RELAX ASEGURADO

Ni Fiambalá ni Río Jordán: el rincón termal mejor guardado del norte argentino

En el verde corazón de los Yungas, este complejo termal se convierte en una parada obligada para quienes buscan bienestar, naturaleza y un entorno aún poco explorado por el turismo tradicional.

Argentina guarda tesoros que escapan a los mapas más transitados. De hecho, más allá de sus destinos clásicos, existen parajes donde la naturaleza conserva su voz intacta y el tiempo parece avanzar más lento. Entre montañas, selvas y quebradas, brotan lugares donde lo esencial cobra fuerza e invitan a mirar la rutina con otros ojos.

En uno de esos paisajes norteños, una terma silvestre se abre paso entre la vegetación húmeda y sus aguas cargadas de minerales. Además, en este entorno, donde la mano del hombre apenas ha intervenido, el vapor se mezcla con el verde y crea una atmósfera serena y casi mágica. 

El rincón termal mejor guardado del norte argentino

¿No sabes que hacer el próximo fin de semana extra largo de junio? El lugar en cuestión se llama Termas de Caimancito se encuentran en el departamento Ledesma, al este de la provincia de Jujuy y dentro de la región de las Yungas. 

Este pequeño, pero encantador complejo termal está ubicado a solo 7 kilómetros de la localidad de Caimancito, y es uno de los destinos menos explorados por el turismo masivo porque está rodeado de naturaleza y con un clima húmedo y templado, por lo que el lugar invita al descanso, el relax y la conexión con el entorno.

Para llegar desde San Salvador de Jujuy, la capital provincial, hay que tomar la Ruta Nacional 34 hacia el norte y luego empalmar con la Ruta Provincial 1, recorriendo en total unos 120 kilómetros. El trayecto puede hacerse en auto particular o en transporte público hasta el pueblo más cercano, desde donde se puede acceder fácilmente al complejo. 
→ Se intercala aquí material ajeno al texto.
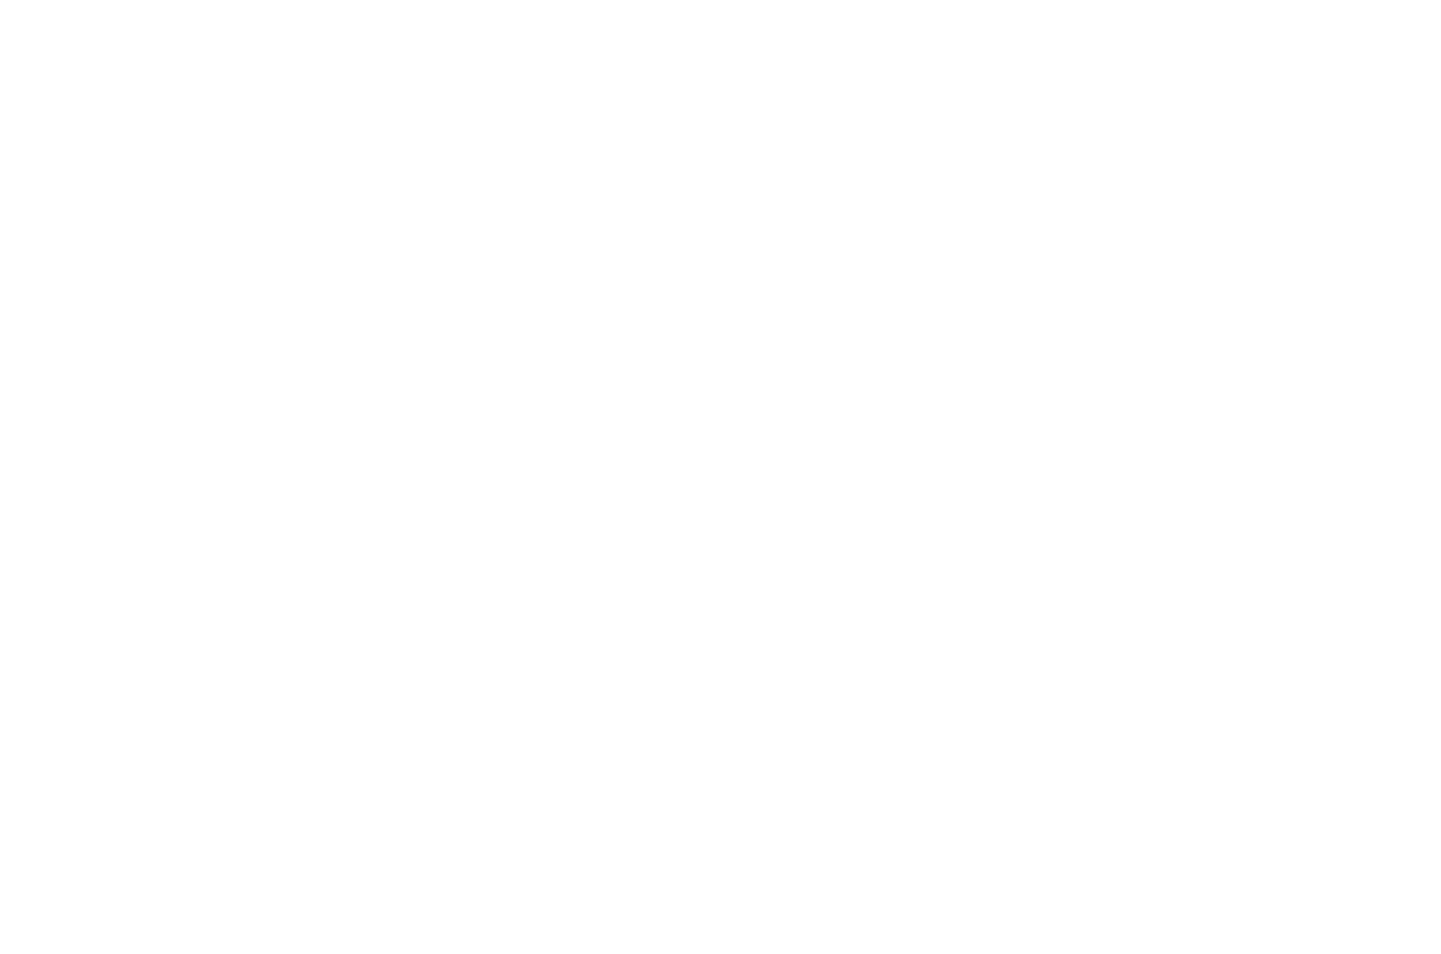 E golfer mericano, Tiger Woods, a sufri un accidente di auto dia 23 di februari na Los Angeles  Woods mester a wordo

El paisaje que rodea a las termas es selvático, típico de las Yungas jujeñas. La vegetación es exuberante, con árboles altos, helechos, lianas y una fauna que incluye aves tropicales, mariposas y hasta monos caí. Además, la humedad del ambiente y la altura moderada (alrededor de 500 metros sobre el nivel del mar) crean un microclima ideal para descansar. 

El complejo termal cuenta con varias piletas naturales y construidas, donde el agua brota a una temperatura de entre 45 y 50°C. Asimismo, hay sectores techados para disfrutar de la sombra, áreas de pícnic y un espacio de camping para quienes desean pasar el día completo o pernoctar. 

 Naturaleza en su máxima expresión en Caimancito.

Las aguas son ricas en minerales como azufre, calcio y magnesio, lo que les confiere propiedades terapéuticas. Son recomendadas para aliviar dolencias musculares, mejorar la circulación, tratar afecciones respiratorias y renovar la piel. Sumergirse en ellas no solo es placentero, sino también beneficioso para el cuerpo y la mente.

En este sentido, el destino es ideal para familias que buscan un descanso accesible, en contacto con la naturaleza y sin las aglomeraciones de los centros turísticos tradicionales. Los niños pueden disfrutar de la naturaleza y las piletas, mientras los adultos se relajan entre vapores y paisajes selváticos. 

 Las termas ofrecen distintos tipos de piletas para disfrutar en familia. 

Por otro lado, Caimancito es una localidad jujeña ubicada al pie de las Yungas, con poco más de 10 mil habitantes y una fuerte identidad ligada al trabajo rural y forestal. Hoy mantiene ese espíritu laborioso, pero ha sumado en los últimos años un perfil turístico tranquilo y en crecimiento.

El pueblo es pequeño, acogedor y rodeado de naturaleza. Tiene plazas arboladas, calles tranquilas y una comunidad que conserva costumbres del norte argentino, como las ferias de productos regionales y las celebraciones patronales.

Desde allí se pueden hacer caminatas, visitar ríos cercanos o simplemente disfrutar del ambiente sereno antes de adentrarse en las termas. Su cercanía al Parque Nacional Calilegua también lo convierte en una base interesante para quienes buscan explorar más a fondo las Yungas.

Aprovecha la visita de las termas para conocer el Parque Nacional Calilegua.